Regulatory
pAND

Part:BBa_J58100:Design

Designed by: Valencia iGEM 2006   Group: iGEM06_Valencia   (2006-10-26)

AND-type promoter synergistically activated by cI and CRP


Assembly Compatibility:
  • 10
    INCOMPATIBLE WITH RFC[10]
    Illegal XbaI site found at 11
  • 12
    COMPATIBLE WITH RFC[12]
  • 21
    COMPATIBLE WITH RFC[21]
  • 23
    INCOMPATIBLE WITH RFC[23]
    Illegal XbaI site found at 11
  • 25
    INCOMPATIBLE WITH RFC[25]
    Illegal XbaI site found at 11
  • 1000
    COMPATIBLE WITH RFC[1000]


Design Notes

We take the lambda Prm promoter sequence from the Registry (BBa_I12007), and we added the CRP binding site upstream of that promoter. Following Joung et al. the centered position of the cI operator was fixed to -42, and for the CRP to -93.5. This forced us to do a lot of cut-and-paste of the original Prm sequence to create (presumably) harmless spacers between the operator regions. Unfortunately the CRP consensus binding site contained a XbaI site. Further work is needed to do mutagenesis on this site while preserving the binding affinity.

Source

The sources of this promoter are, on the one hand, from the bacteriophage lambda, and, on the other hand, from the E. coli.

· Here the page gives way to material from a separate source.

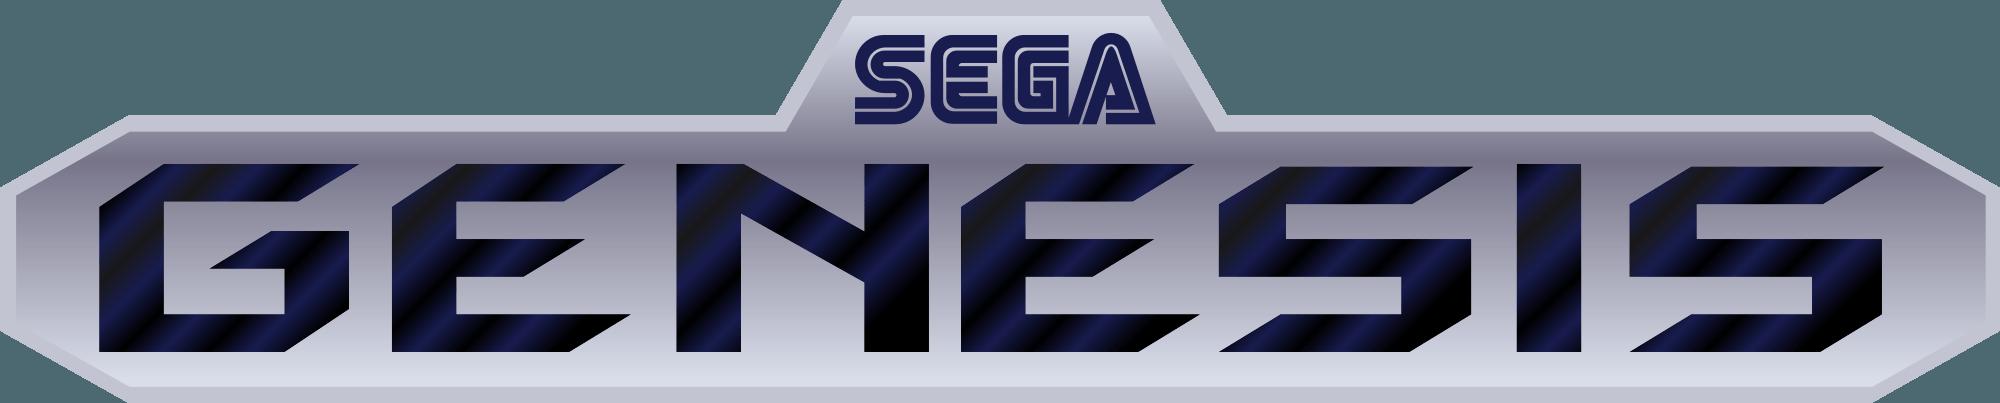 Sega Genesis Sega Genesis Sega Master System Sega

We take the lambda Prm promoter (modified to be activated but not repressed by cI, part ref. BBa_I12007), and the binding site region for CRP from E. coli.

References

JK Joung, DM Koepp, A Hochschild. Synergistic activation of transcription by bacteriophage lambda cI protein and E. coli cAMP receptor protein. Science (1994), 265, 1863-1866.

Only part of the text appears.